Publié le 06/12/2007 à 1h54

«L'accord humanitaire» attendra. Malgré l'appel à la négociation du gouvernement colombien, mardi, aux Forces armées révolutionnaires de Colombie (Farc, marxiste), les discussions pour la libération des 45 prisonniers des guérilleros (dont la Franco-colombienne Ingrid Betancourt) piétinent toujours.

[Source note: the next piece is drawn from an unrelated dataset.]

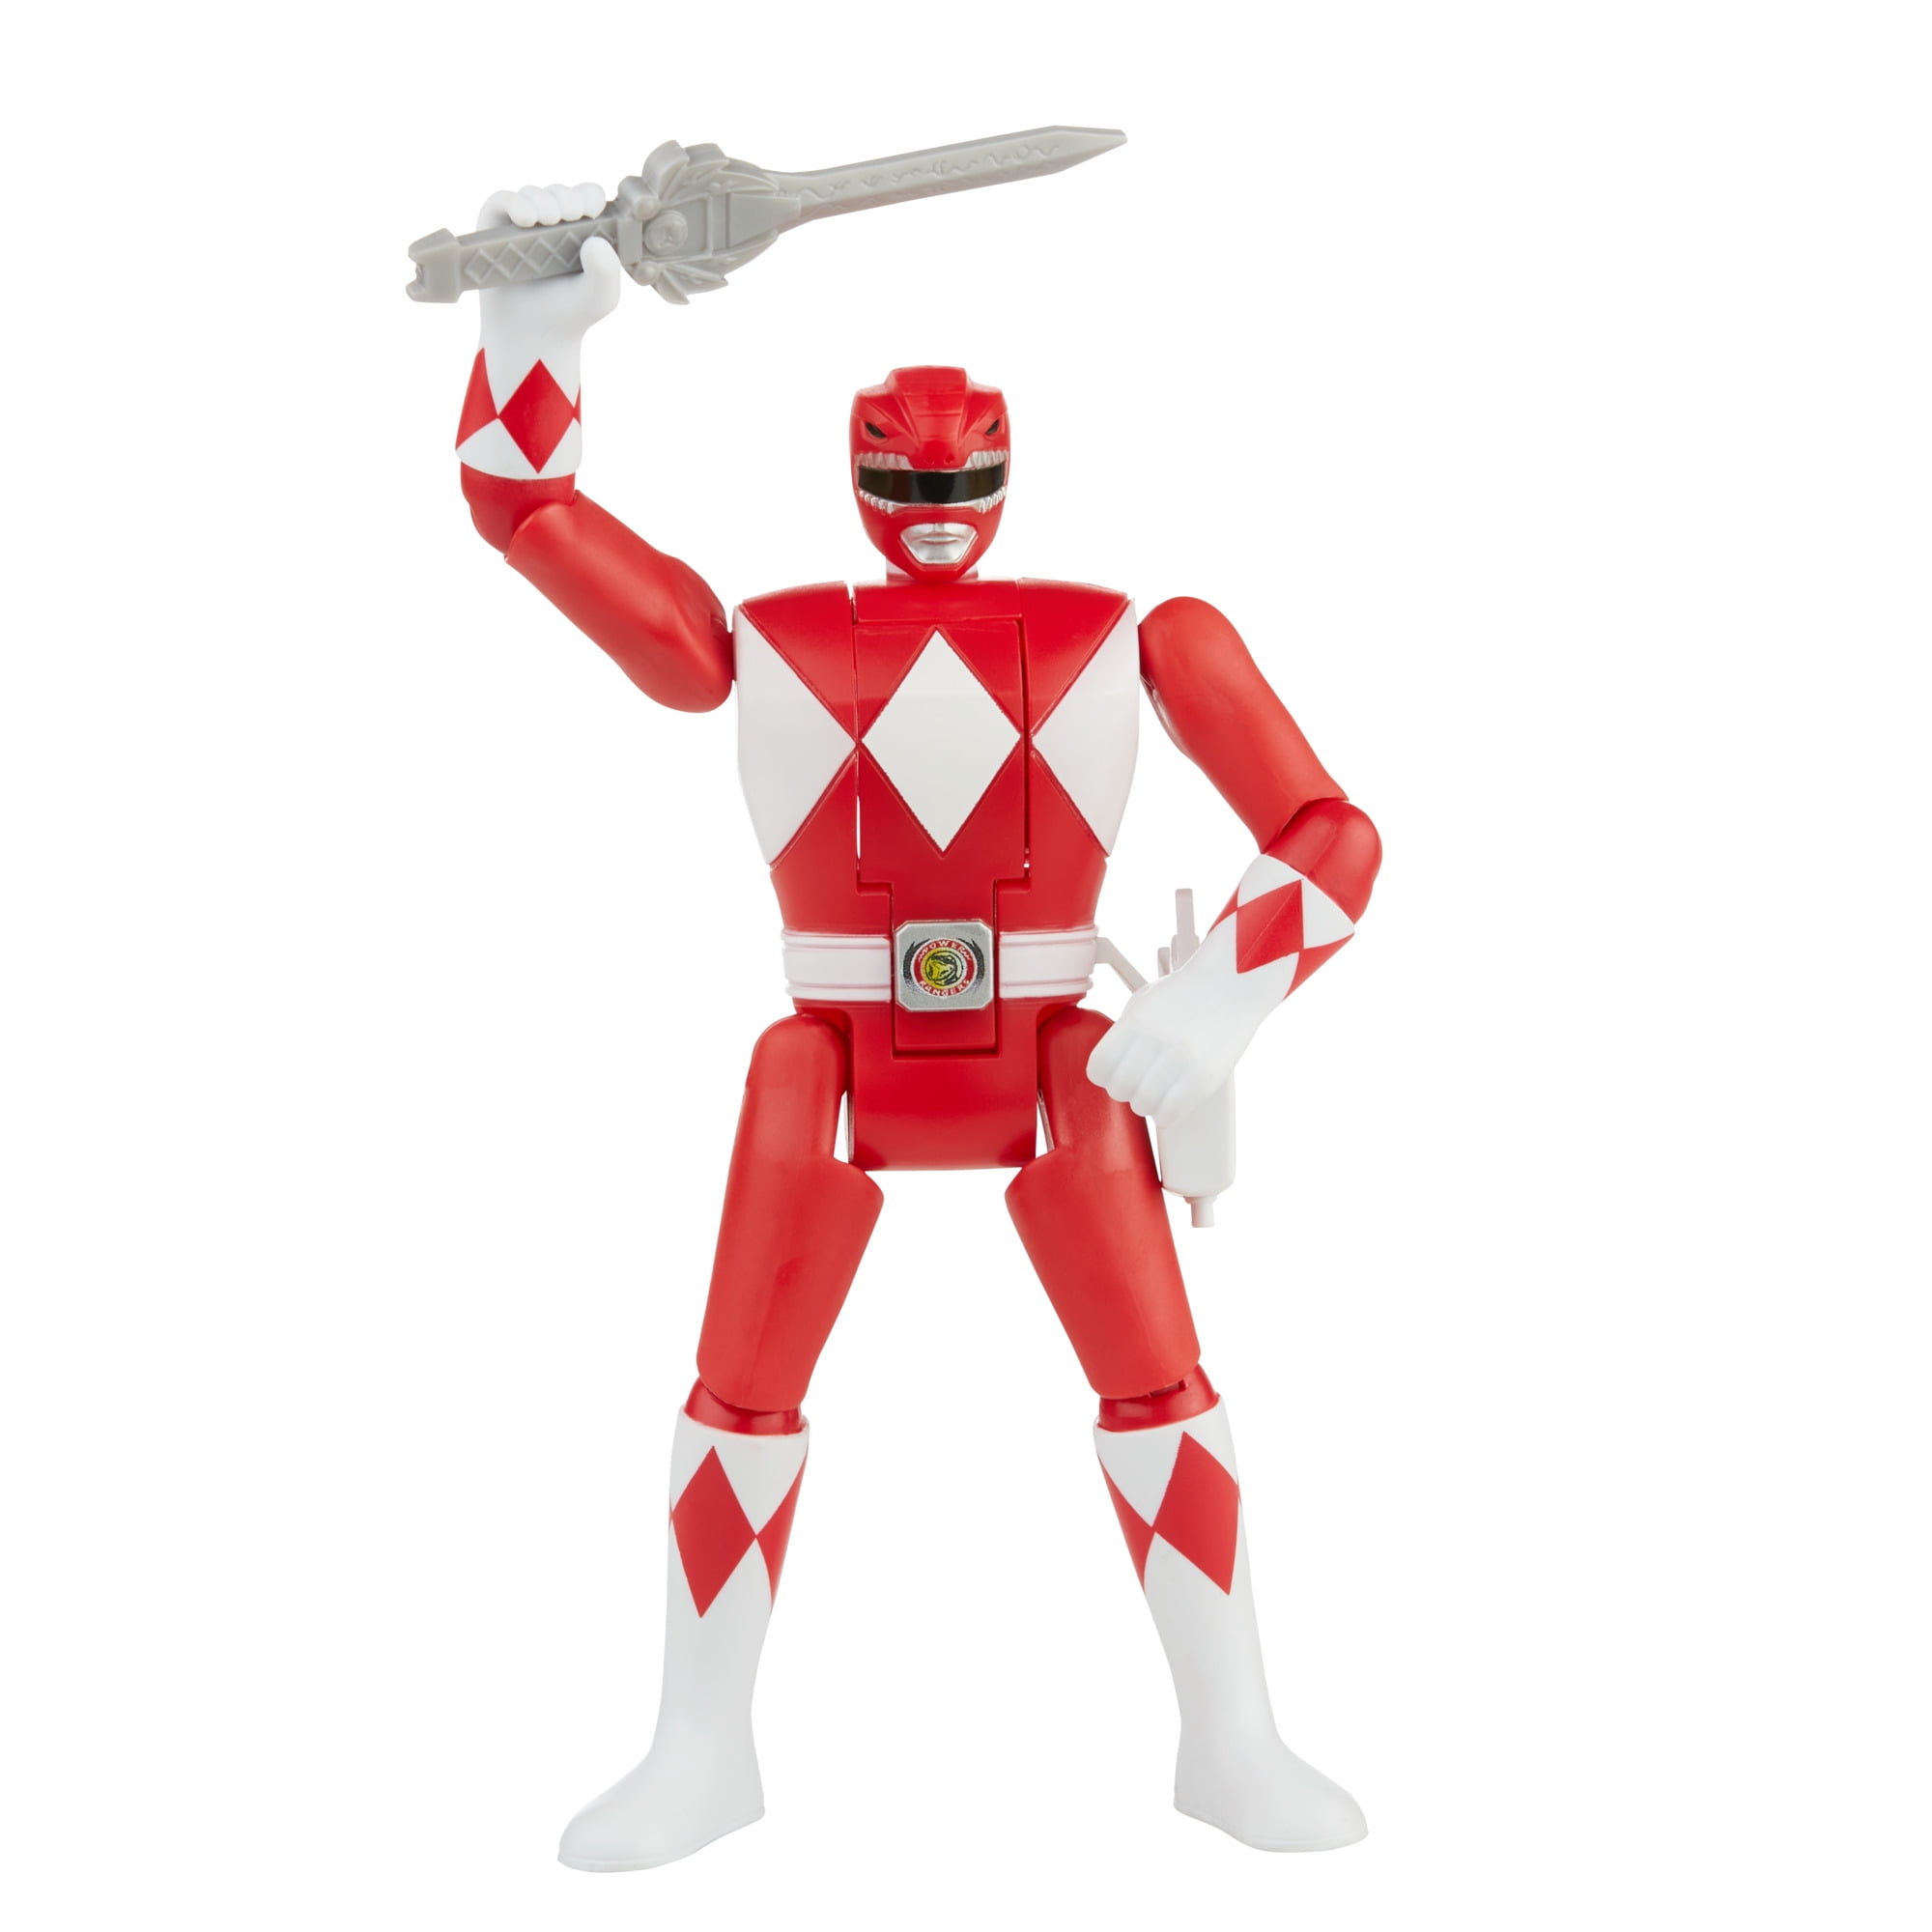 Power Rangers Retro-Morphin Red Ranger

Les «preuves de vie» exhibées la semaine dernière par les responsables colombiens avaient suscité quelques espoirs mais la fin de la médiation du président vénézuélien, Hugo Chávez, décrétée par Bogotá, tout comme la récupération musclée - arrestation des guérilleros qui la détenaient - de la cassette montrant Betancourt et ses codétenus ne facilitent pas le dialogue. L'intransigeance des deux parties quant aux modalités de l'échange des 42 otages «politiques» et de 3 Américains collaborateurs du département d'Etat contre 500 guérilleros reste par ailleurs inchangée.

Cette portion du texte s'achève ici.